From a managerial perspective, these findings translate into several actionable recommendations for retailers. First, adopting differentiated pricing strategies (e.g. basic, premium, and ecological PL tiers) can help address diverse consumer segments while reinforcing perceived value. Second, investing in visual cues and distinctive packaging, such as eco-labels and third-party certifications, can offset lower brand awareness and enhance credibility. Third, assortment strategies should prioritize consistency, availability, and cultural relevance, offer regionally adapted products and reinforce identity through shelf layout and in-store messaging. Lastly, transparent communication about product origin, ethical sourcing, and retailer values can strengthen consumer trust and emotional loyalty, especially among younger, more sustainability-oriented consumers.
5.1 Limitations
While this study provides valuable insights, several limitations should be acknowledged. First, the geographical focus on Spain limits the generalizability of the findings to broader international contexts that may differ in retail structures, the maturity of private label markets, and consumer preferences.
Second, the study relies on self-reported survey data, which may be affected by response biases and does not fully capture the complexity of real-world in-store behaviour. Furthermore, qualitative dimensions of consumer experience, such as emotional responses, symbolic brand meanings, or habitual purchasing rituals, remain unexplored.
Another important limitation is the lack of integration of macro-environmental variables, such as economic downturns, inflation volatility, supply chain disruptions, or regulatory developments (e.g. sustainability requirements or food labelling standards). These contextual factors can significantly influence both retailer strategies and consumer attitudes toward PLs.
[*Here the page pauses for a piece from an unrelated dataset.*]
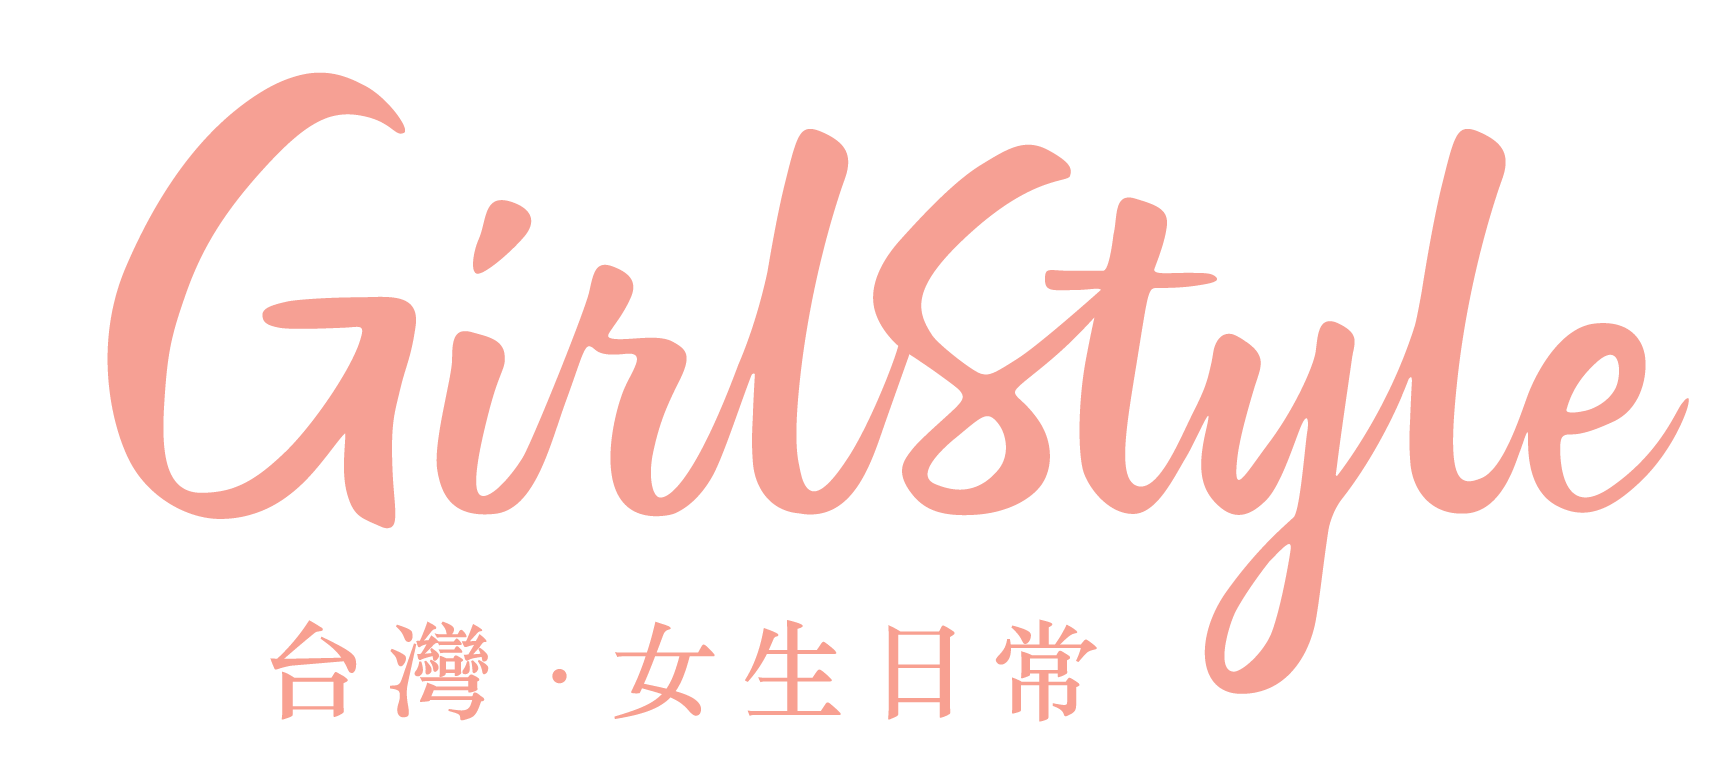 Girls_style_logo

Taken together, these limitations underscore the need for more integrative research approaches in future studies. Combining quantitative and qualitative methods and accounting for economic, social, and regulatory dynamics would help generate more robust and generalizable insights into private label consumption behaviour.
5.2 Future lines of research
Future research should aim to deconstruct the key components of product quality that consumers associate with PL loyalty ranging from durability and taste to packaging, design, and perceived safety. A more granular analysis of the other loyalty drivers identified in this study, such as perceived utility, price sensitivity, brand familiarity, and cultural alignment, would also enrich the theoretical understanding of PL loyalty mechanisms.
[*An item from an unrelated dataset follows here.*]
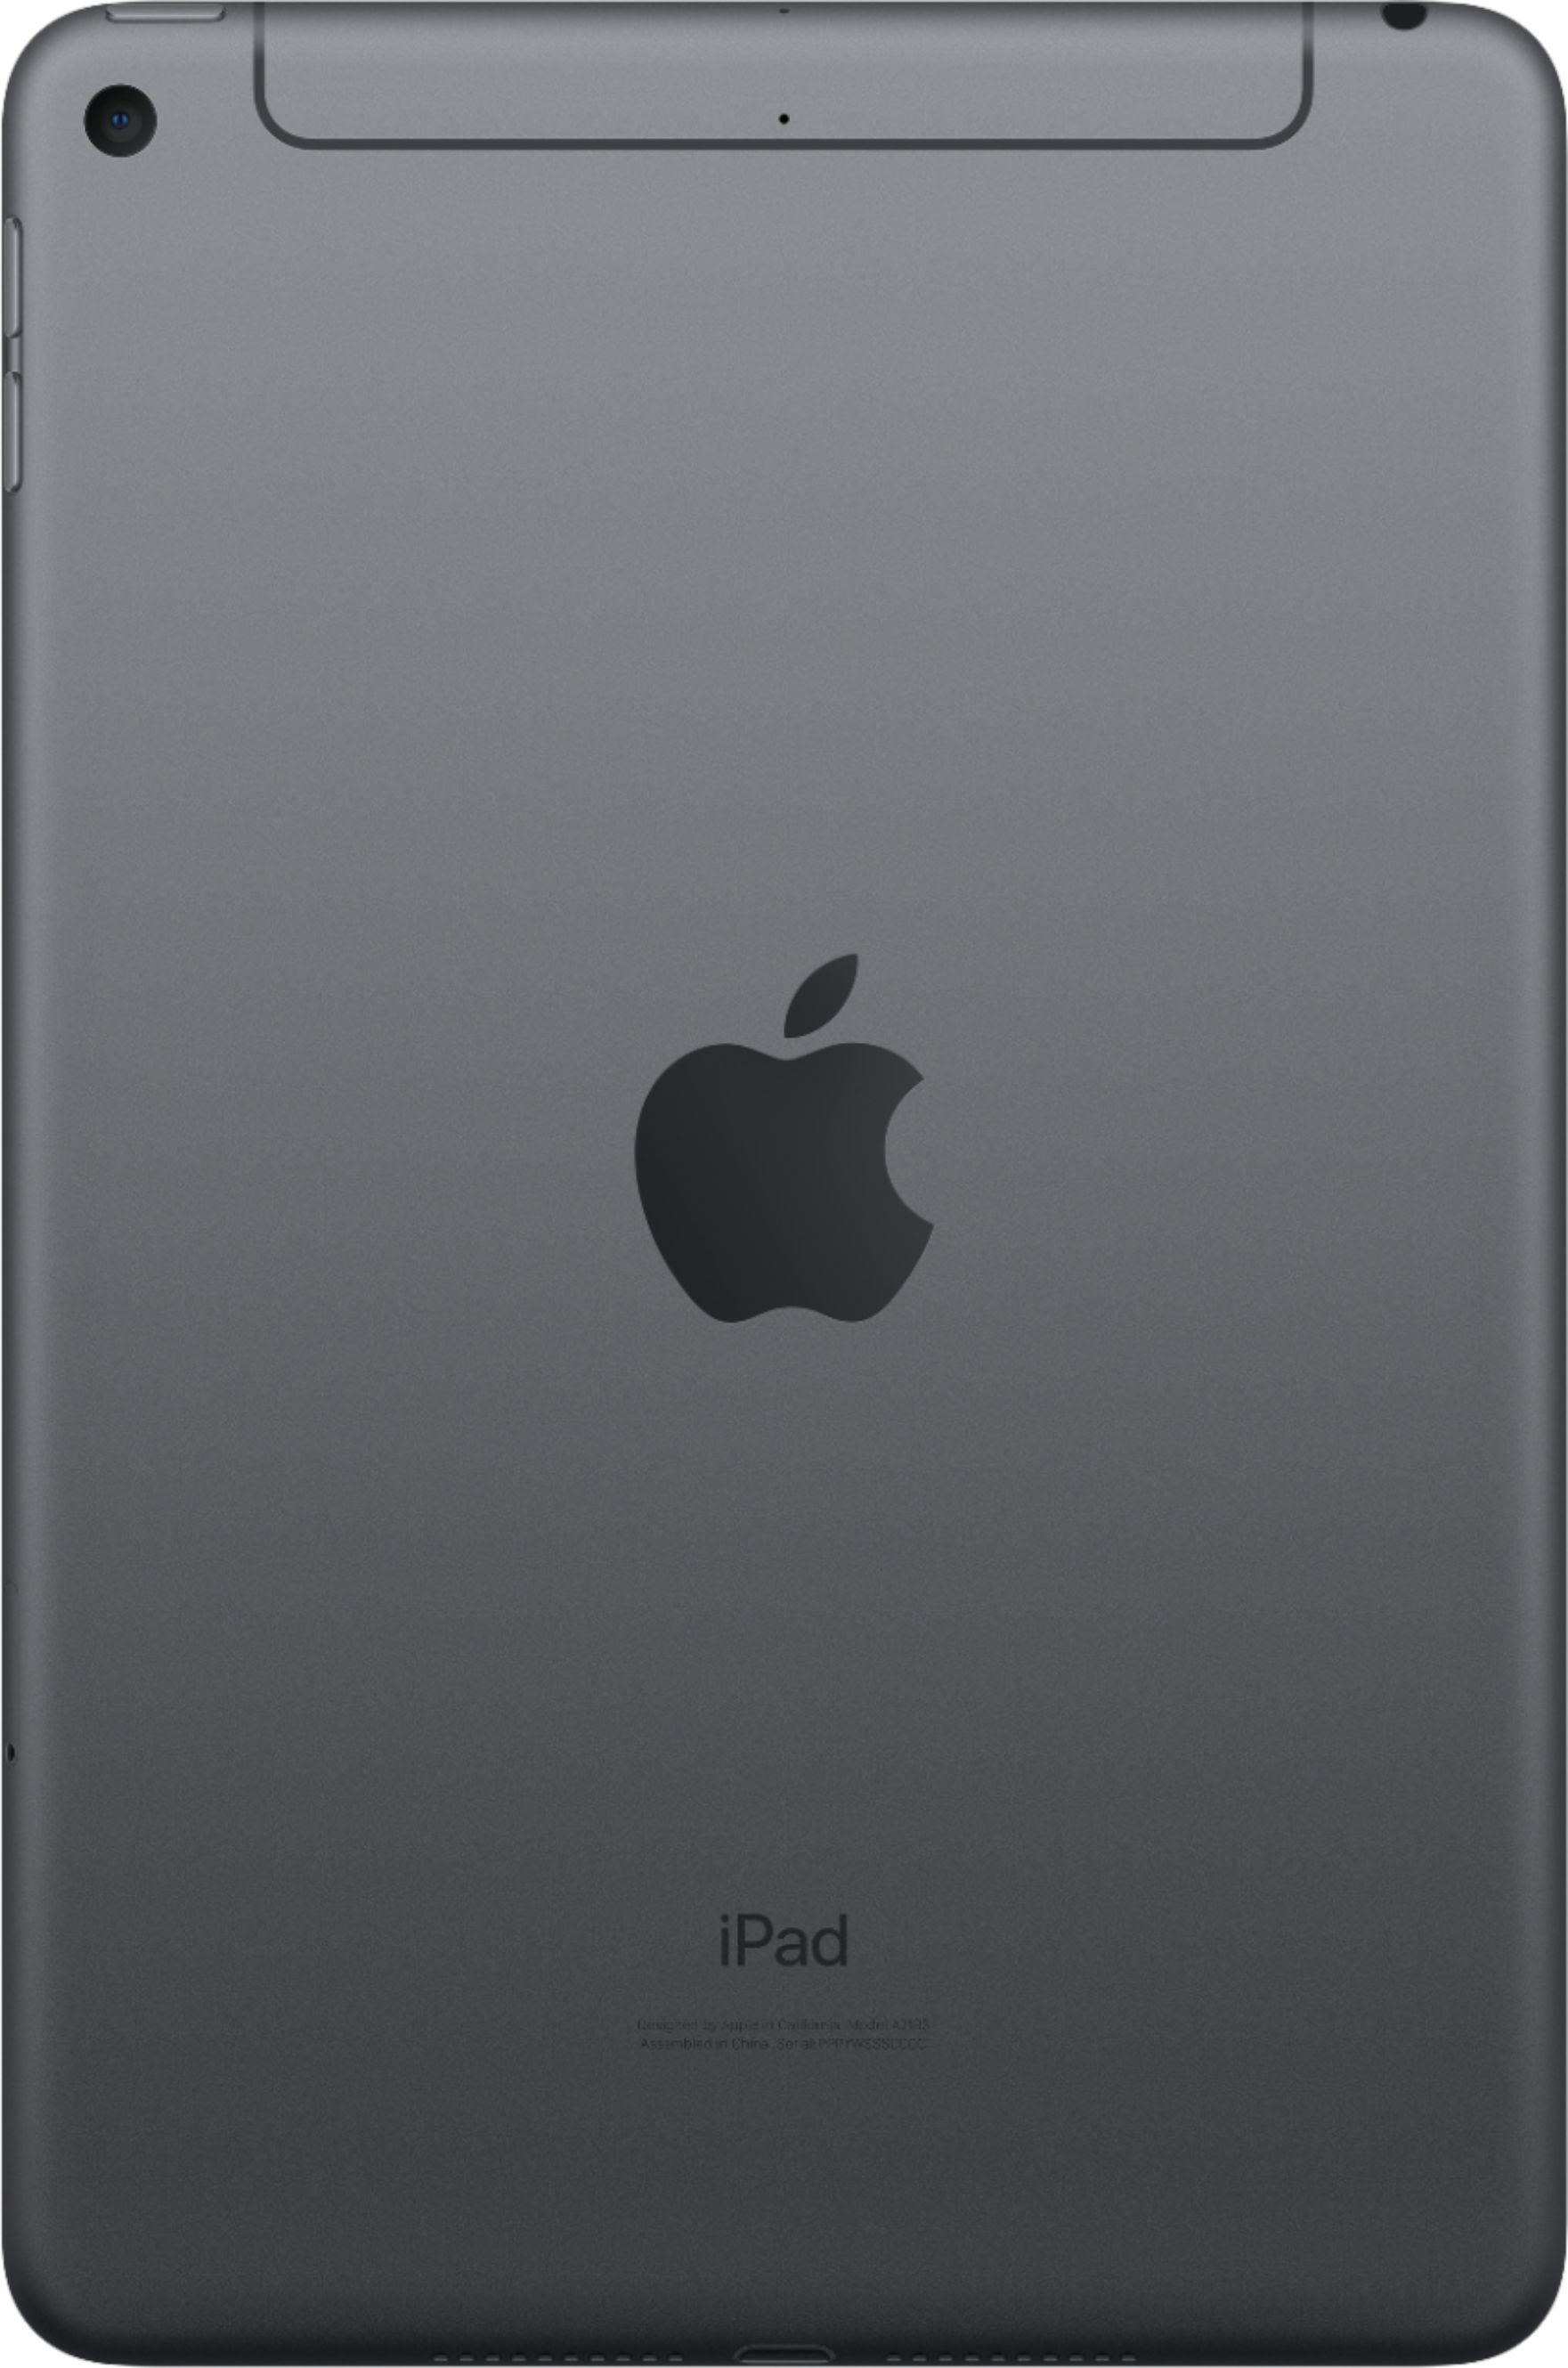 Back View: 2-Year AppleCare+ for iPad / iPad mini

In addition, future studies could explore the role of sensory and atmospheric stimuli in physical retail environments, including lighting, scent, background music, and store layout. These elements may significantly influence consumer perceptions, emotions, and purchase intentions, particularly in low-involvement categories where emotional differentiation is minimal.
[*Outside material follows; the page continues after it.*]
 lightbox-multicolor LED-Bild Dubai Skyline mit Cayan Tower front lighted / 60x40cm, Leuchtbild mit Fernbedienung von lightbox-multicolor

Another promising avenue involves investigating the impact of consumer memory and brand recall, to better understand how sensory cues and in-store experiences shape long-term brand associations. Experimental designs could be used to measure how variables such as packaging aesthetics, shelf placement, or promotional framing affect brand recognition and loyalty toward PLs.
Finally, future research would benefit from adopting experimental and quasi-experimental designs, including A/B testing in digital retail platforms or in-store behavioural tracking. These methodologies would allow for a more accurate identification of causal relationships between specific marketing stimuli and consumer responses, thereby enhancing the evidence base for effective PL strategy development.